▶ **Exercise requirements**:
Word for word, restate the lines of the listing below from the line with "Damen Stretch-Golfpolohemd mit" through the line with "Pin De Aixandria", and do not include the pictures.

▶ **Source data**:
# # # # # # #
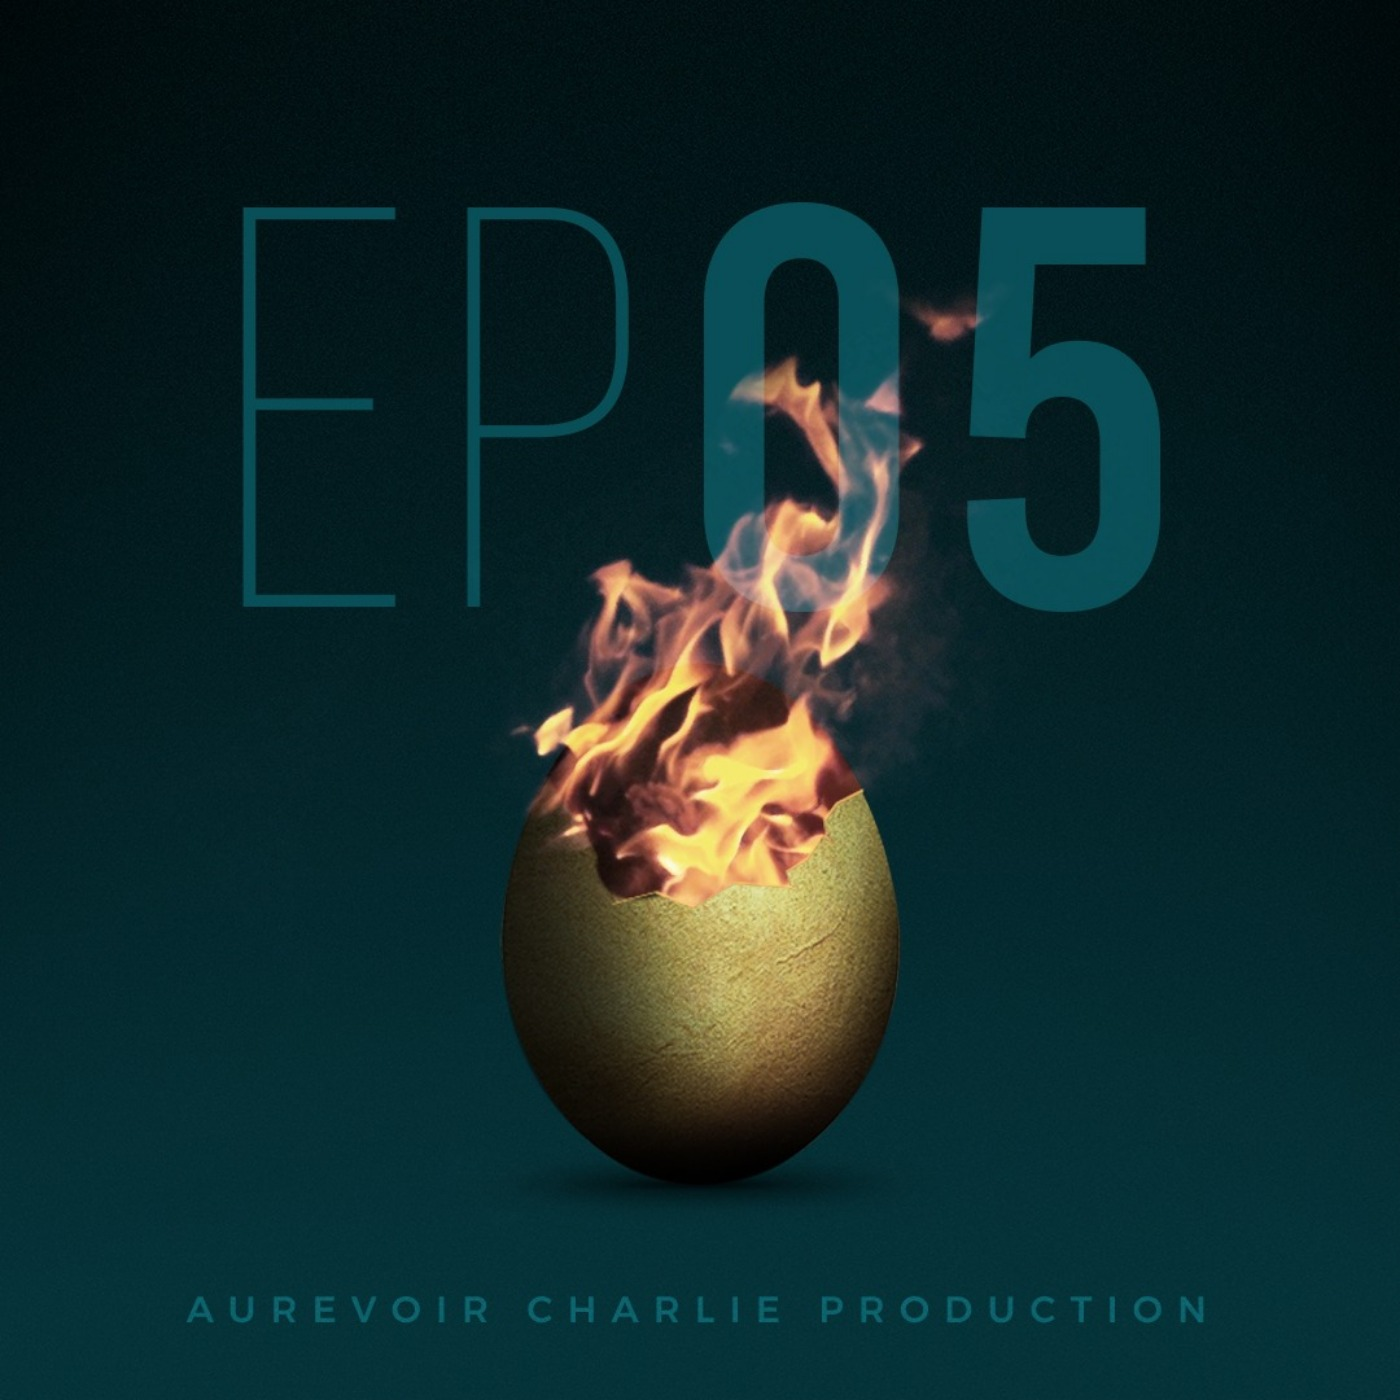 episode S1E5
# # # # # # #
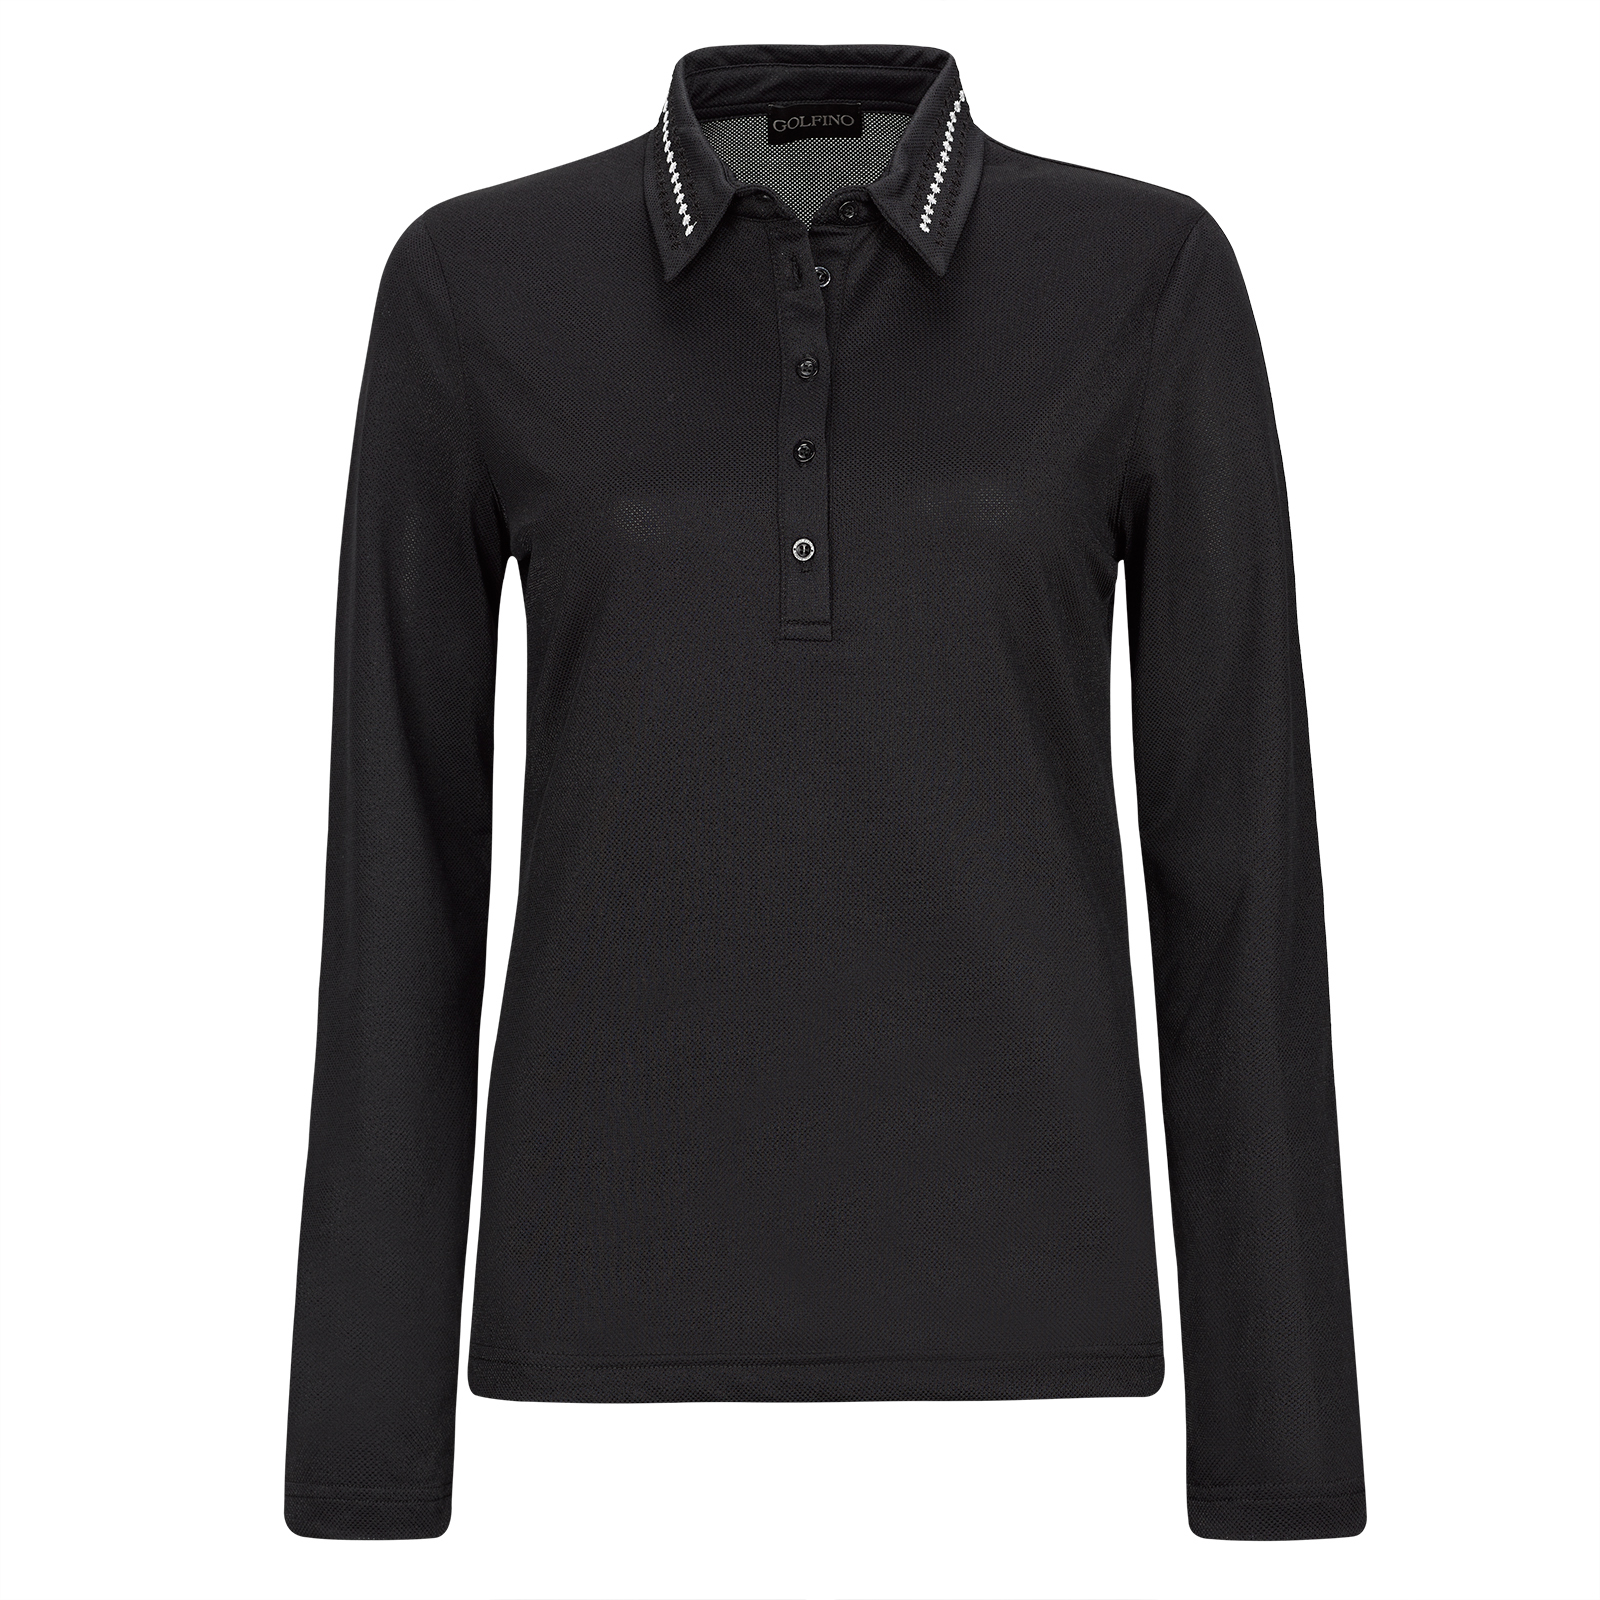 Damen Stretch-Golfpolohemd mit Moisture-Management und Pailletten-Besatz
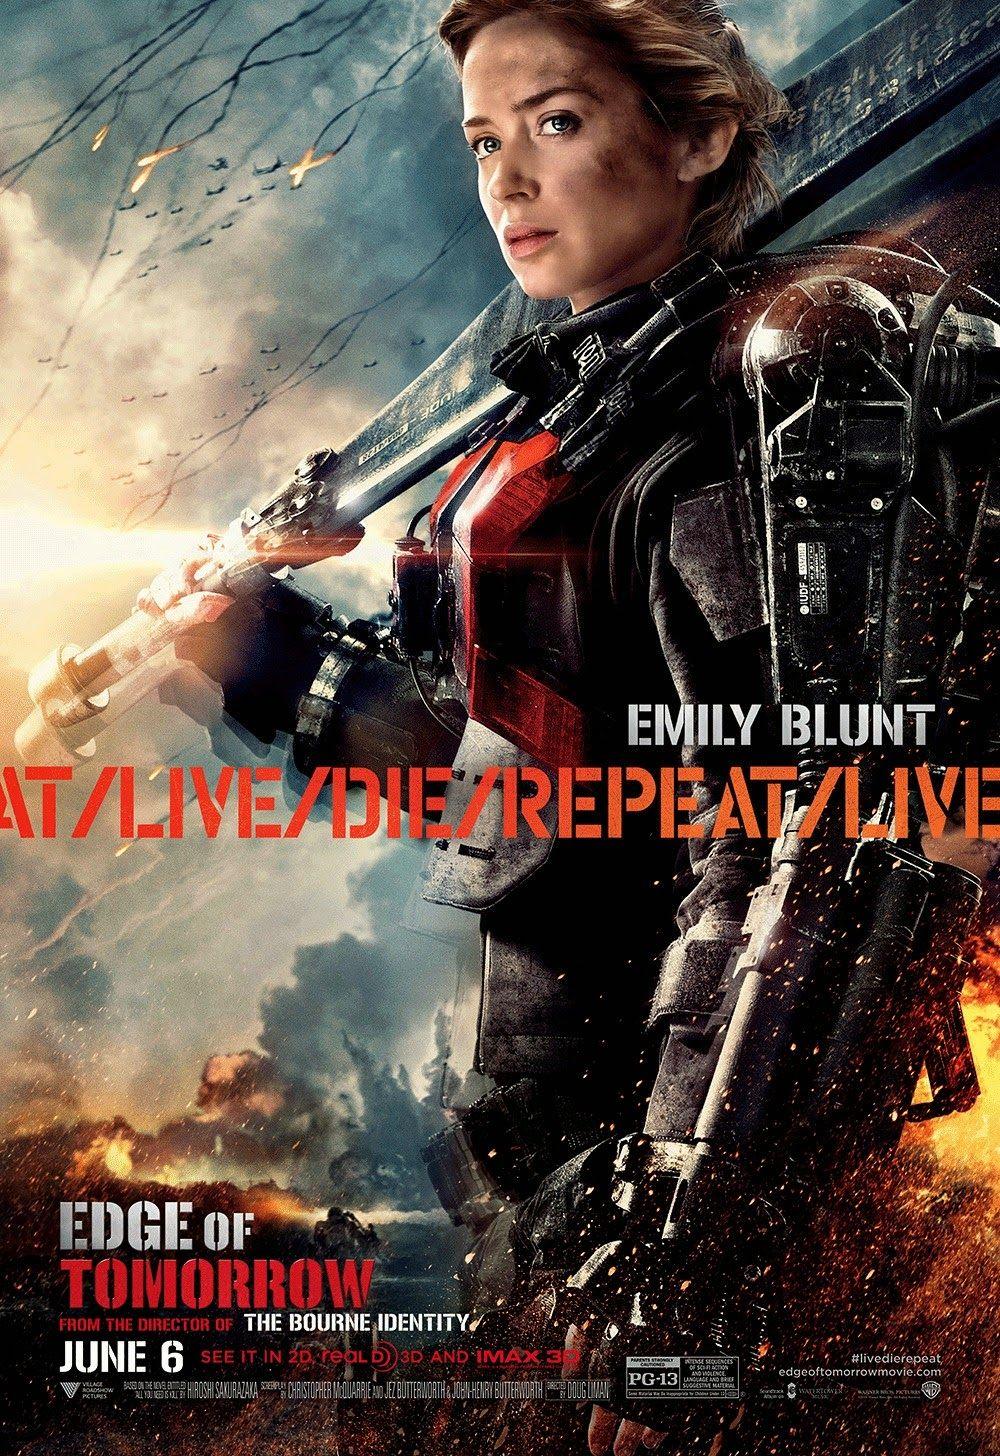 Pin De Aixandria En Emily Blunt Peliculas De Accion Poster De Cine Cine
# # # # # # #
▶ **Response below**:
 Damen Stretch-Golfpolohemd mit Moisture-Management und Pailletten-Besatz
 Pin De Aixandria En Emily Blunt Peliculas De Accion Poster De Cine Cine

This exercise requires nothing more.